= DuPage Opera Theatre =

The DuPage Opera Theatre (DOT) is one of three professional opera companies located in the Chicago area, along with the Lyric Opera of Chicago and the Chicago Opera Theater. Founded in 1977 as a resident, professional ensemble at the McAninch Arts Center at the College of DuPage in Glen Ellyn, Illinois, DuPage Opera has mounted several hundred performances since its inception.

DuPage Opera Theatre performs in the 793-seat main stage of the Arts Center. The Arts Center opened on October 10, 1986, and 12 years later was renamed the Harold D. McAninch Arts Center. The MAC, as it is commonly referred to, is home to three resident professional ensembles: Buffalo Theatre Ensemble, DuPage Opera Theatre, and New Philharmonic, as well as the Gahlberg Gallery, a space for visual art exhibition.

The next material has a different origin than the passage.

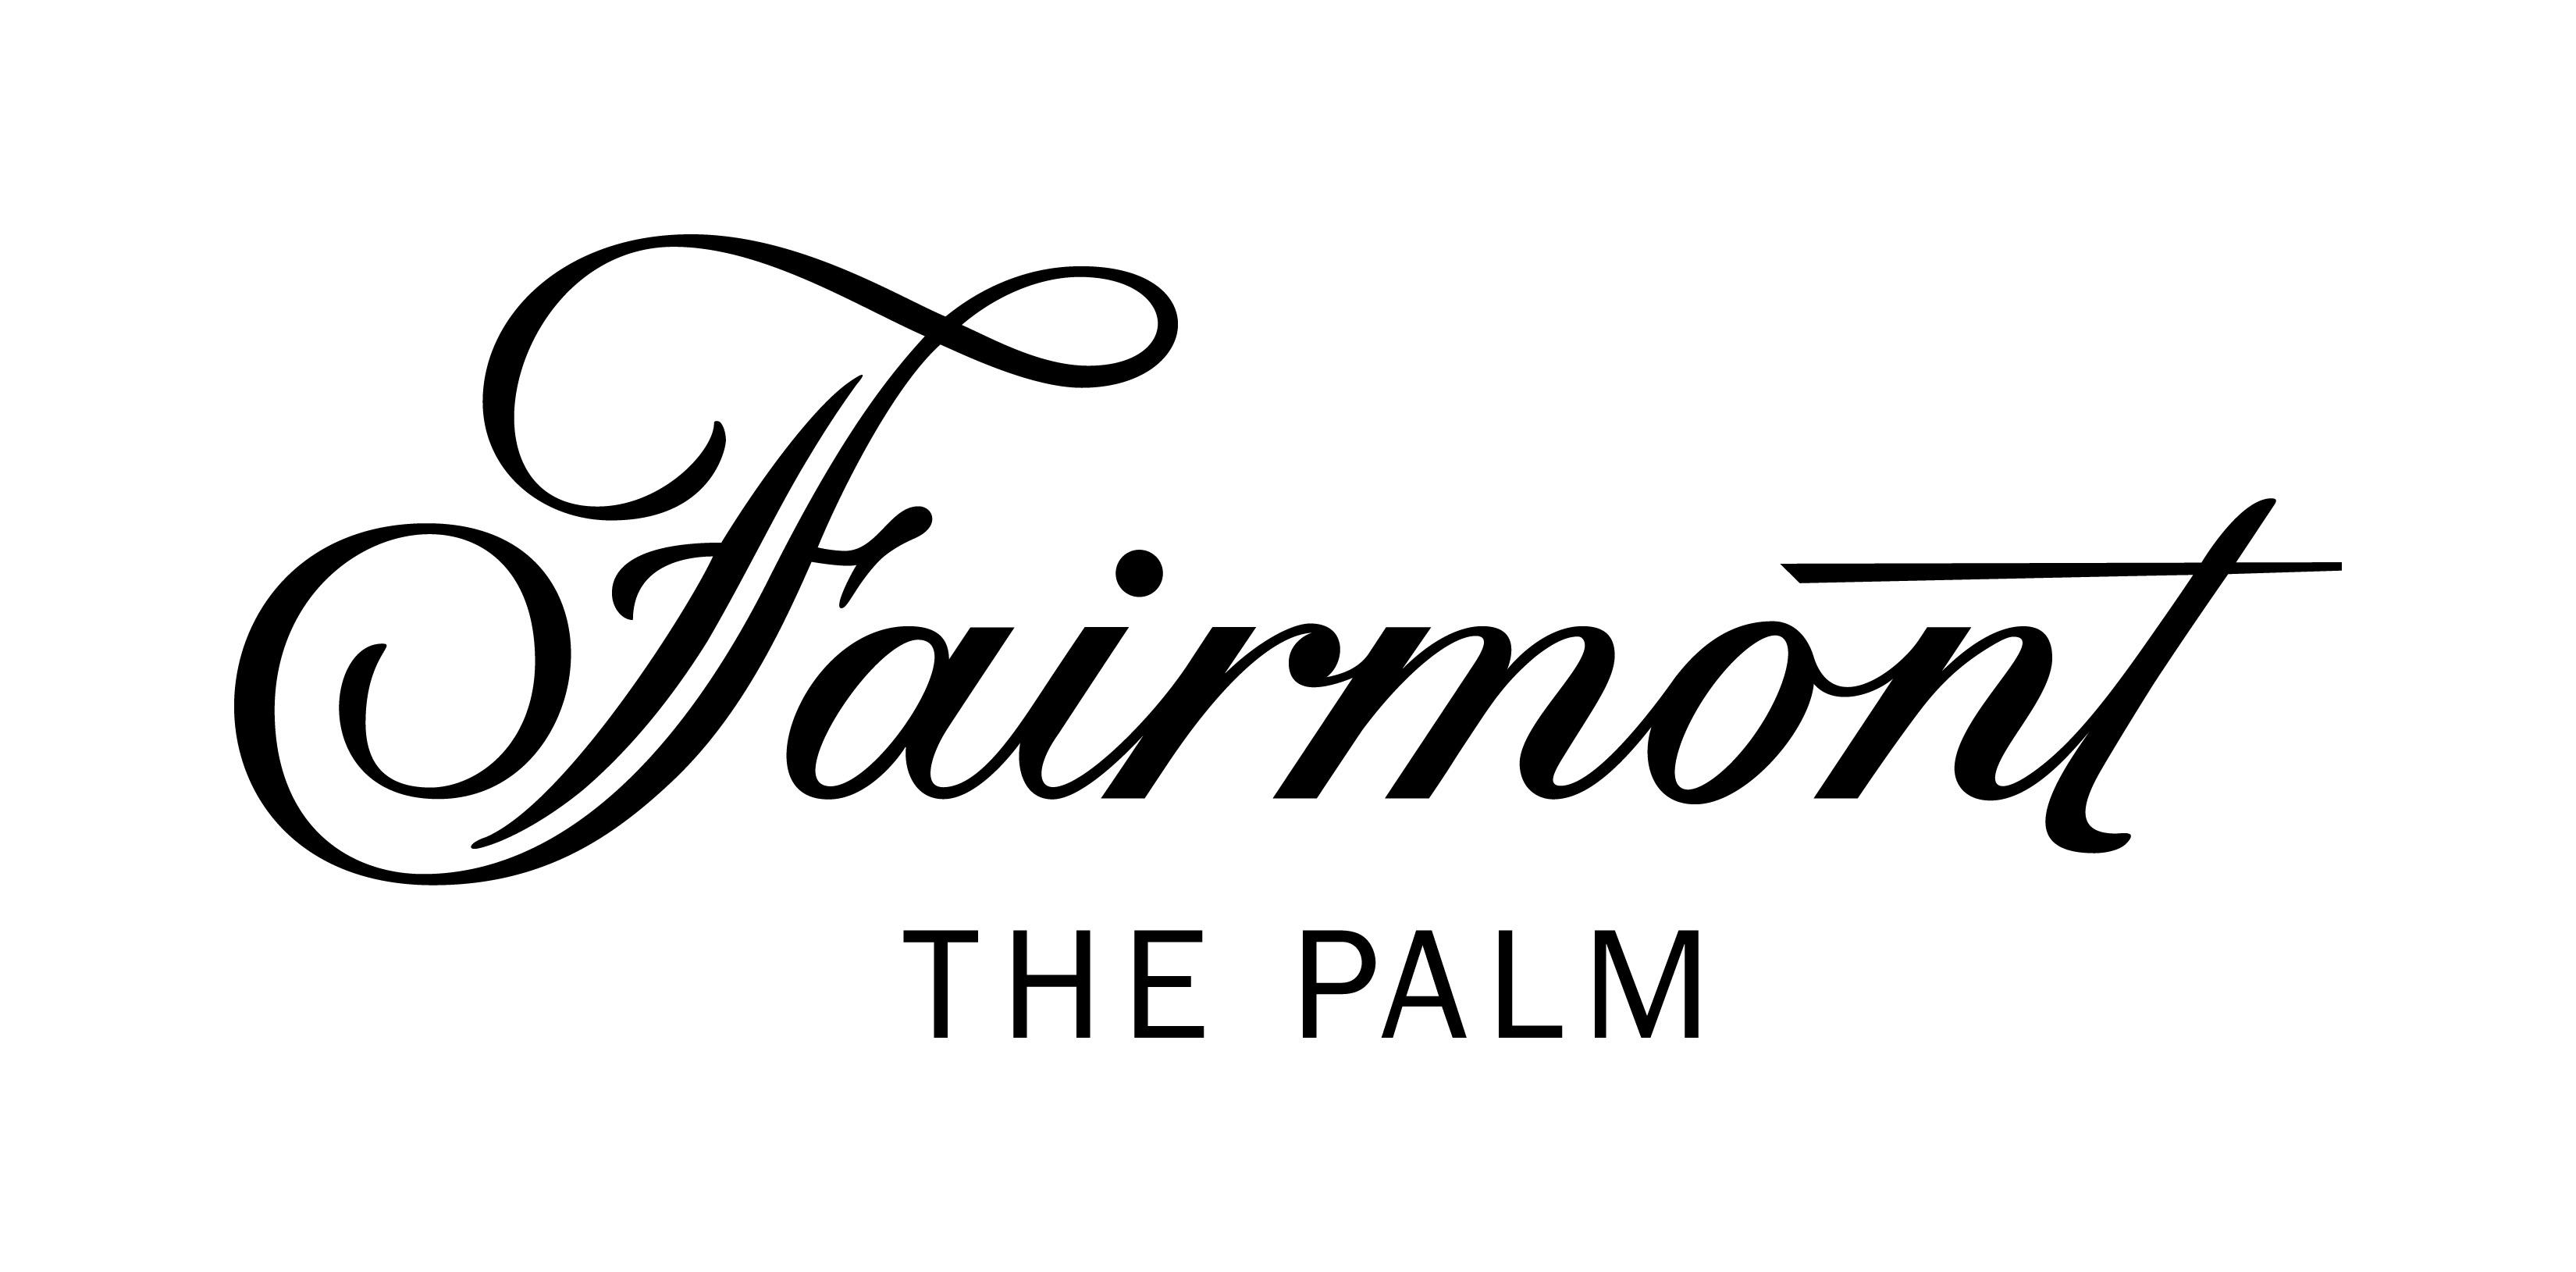 Fairmont Palm Logo - Fairmont The Palm logo in black 2015 - Inside The Closet

Harold Bauer was the founding artistic director and conductor of the company. Kirk Muspratt is the current artistic director and music director, a position that he has held since July 2004. In December 2006, Muspratt was named "Chicagoan of the Year" in classical music by John von Rhein and the staff of the Chicago Tribune. In his first four seasons, productions at the DuPage Opera Theatre featured Le nozze di Figaro, Il barbiere di Siviglia, La bohème, Faust, Otello and Tosca. In 2008, Muspratt stated that by tackling such renowned operas as Otello, "we are showcasing DuPage Opera's growth and new vision".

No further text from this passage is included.